Friday, December 26, 2008

The Curious Case of Benjamin Button (**)

THE CURIOUS CASE OF BENJAMIN BUTTON
Directed by David Fincher



**

The short story by F. Scott Fitzgerald, "The Curious Case of Benjamin Button", is a good story, not a great one. It's a charming tale about a man born 5'8'', with the mind and body of an 80-year-old man, who grows younger and younger. Fitzgerald peppers the story with wit, and is an almost satirical statement about age and social classes. It is succinct and pleasant, but as David Fincer--a filmmaker I admire greatly--brings this story onto the big screen, he makes a film that is as laborious as it is ambitious.

In this version, Benjamin (Brad Pitt) isn't born as an old man, but as a baby with a lot of wrinkles (??). His mother dies in childbirth, and his father, horrified by the sight of him, places him on the steps of a retirement home. There, he is found by Queenie (Taraji P. Henson), a young woman who works in the home, and sees Benjamin as a miracle that she should take care of. She raises Benjamin as he gets bigger, but continues to possess the features of an 80-year-old man. Surrounded by many senior citizens, Benjamin is very much in his element, except that he is inexplicably beginning to grow younger.

The biggest moment in his life, is when he meets a young girl named Daisy. She is precocious, and is very much interested in Benjamin. Benjamin has feelings for Daisy as well, but his older appearance makes it difficult. By the time he is a teenager, Benjamin looks about 70, and begins to work on a tugboat, where he travels to different parts of the world, continuing to write to Daisy to explain his journey. While traveling he meets Elizabeth (Tilda Swinton), in which he experiences his first true romance, but it doesn't last very long.

He returns home in his late 20's, now looking like a man in his 50's, and finds Daisy (Cate Blanchett), now a woman and performing as a dancer on Broadway. Daisy is beautiful and still precocious, flirts with the much younger Benjamin, but her youthfulness finds little use for him.
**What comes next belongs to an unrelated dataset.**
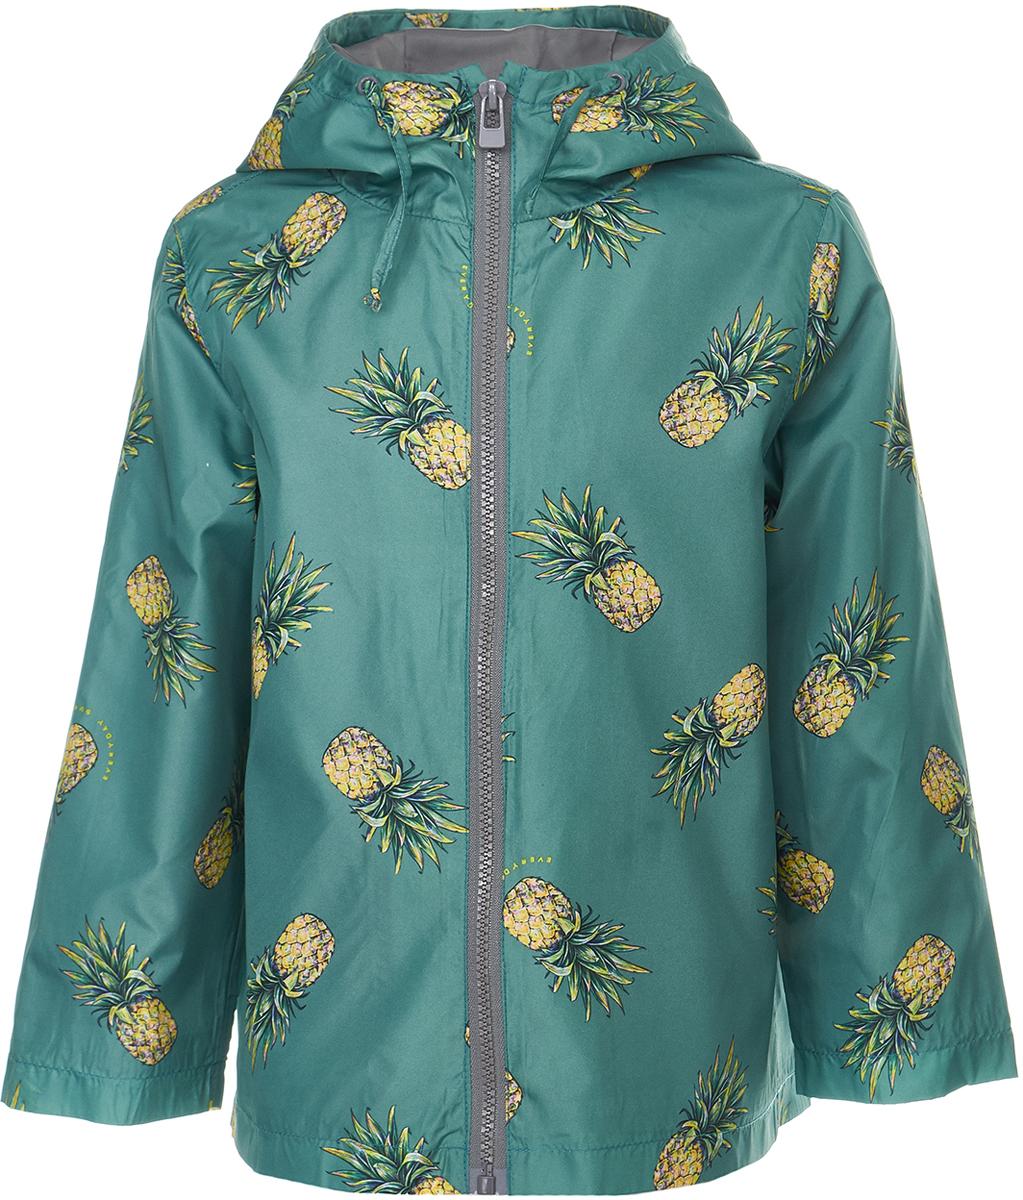 Ветровка для девочки Button Blue, цвет: бирюзовый. 118BBGC40040013. Размер 98118BBGC40040013Яркая и позитивная куртка-ветровка всегда поднимет настроение, даже в самый ветреный и дождливый день! Модель с длинными рукавами и капюшоном застегивается на молнию. Куртка может похвастать не только модным дизайном и оригинальным рисунком, она удобная, свободная и дарит своей владелице максимальный комфорт. Отличный вариант для того, кто ищет качественную вещь по выгодной цене.

Then Benjamin reaches his 40's, and he's looks as much, and he and Daisy are finally within the same range. They finally experience the romance they both wanted for so many years, but as Benjamin gets younger, and Daisy gets older, life becomes difficult.
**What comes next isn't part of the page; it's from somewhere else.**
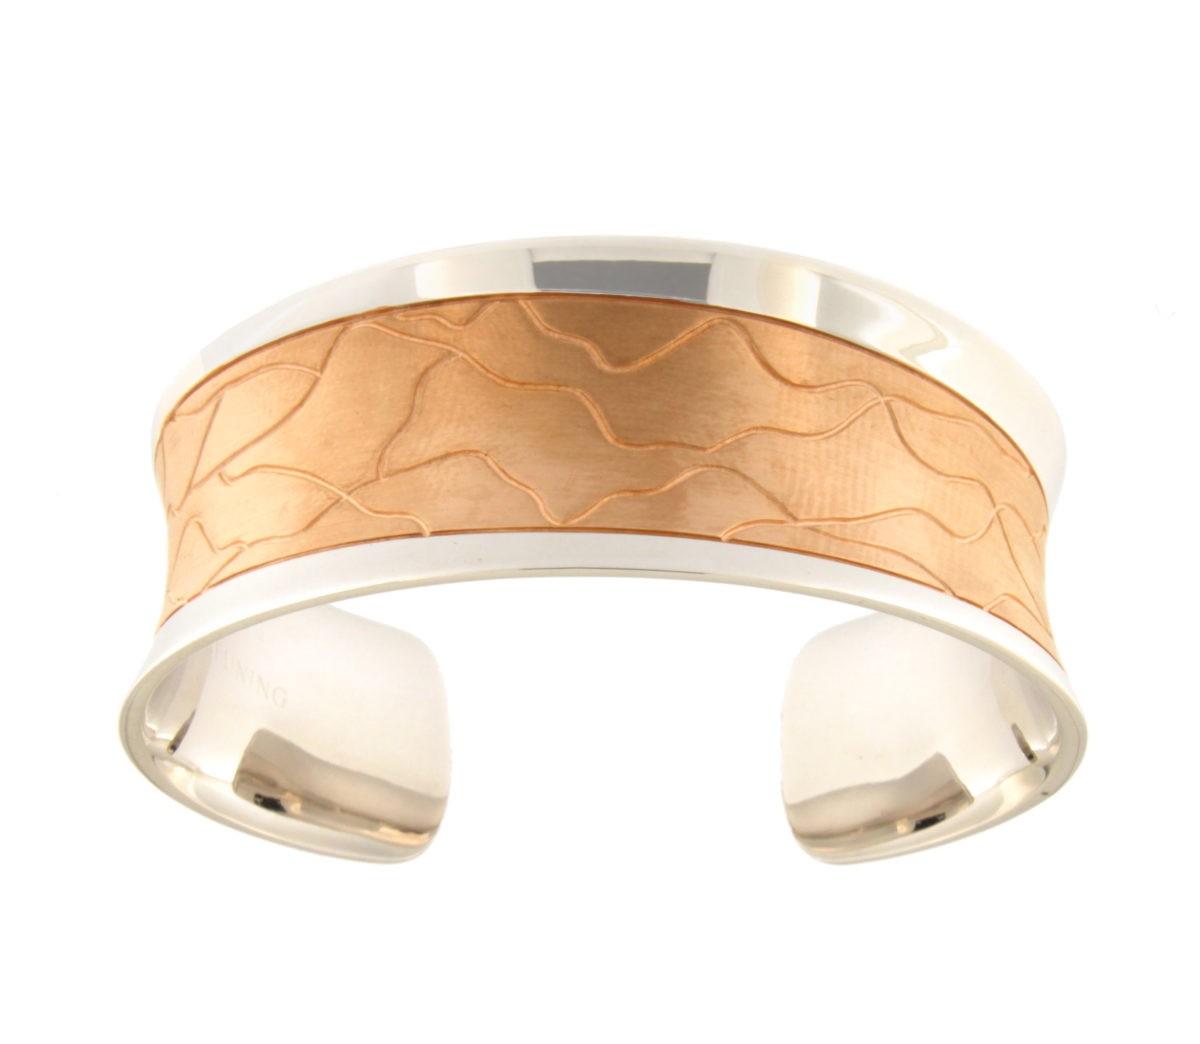 Silver bracelet Code: 540074-0

Fincher is a wonderful filmmaker. Both Se7en and Zodiac are masterful pieces of cinema that are either discarded as shallow horror, or completely ignored by the public altogether; and there are plenty of moments within Benjamin Button that showcase his masterful talent behind the camera, but he and screenwriter Eric Roth seem to have no idea what was so good about the original story to begin with. Why take a funny story about life, and transform it into solemn story about death?

The movie moves like molasses, and at times seems like it's doing so on purpose. As Benjamin grows younger, he is forced to face the tragic aspects of life through a very different window. We are meant to feel like we are living life with Benjamin, but last time I checked, all of us are moving forward in time. Eric Roth adapted this screenplay much in the way he adapted another screenplay, Forrest Gump. He is obviously a fan of tracking the timeline of his characters by referencing moments in history, but with Gump the moments go hand-in-hand with the story, and just seem dropped in for no reason in this film.
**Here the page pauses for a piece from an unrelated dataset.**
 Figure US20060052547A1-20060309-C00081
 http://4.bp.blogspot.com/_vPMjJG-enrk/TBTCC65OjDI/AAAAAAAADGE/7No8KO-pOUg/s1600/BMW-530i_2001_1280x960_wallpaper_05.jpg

Brad Pitt has always seemed to like starring in long, strenuous storylines that have all to do with his own characters (Legends of the Fall and Meet Joe Black, anyone?). Pitt is good in this, but it's hard to judge a performance that is all CGI and make-up half of the time. Blanchett is fine as Daisy, who seems to be nothing more than a blank slate without any real character arc. The biggest boost of humanity within the film comes from Taraji P. Henson, playing the soulful, pious woman who raises Benjamin. She seems to be the only actor in the film who possesses the humor of the short story.

Benjamin Button is a cinematic achievement technically, but offers nothing in the form of a humane story. If I'm sitting in a theater watching a movie that seems twice as long as it actually is, then I hope that it at least has something to say. This film isn't really saying anything worthwhile, other than "It's sad when people I love die". Synecdoche, New York is a film from earlier this year that covers the same premise, but does it in a much more entertaining and original fashion. You could spend hours discussing the various themes in Synecdoche, but I doubt that anybody will walk out of Benjamin Button discussing anything other than how long and arduous it is.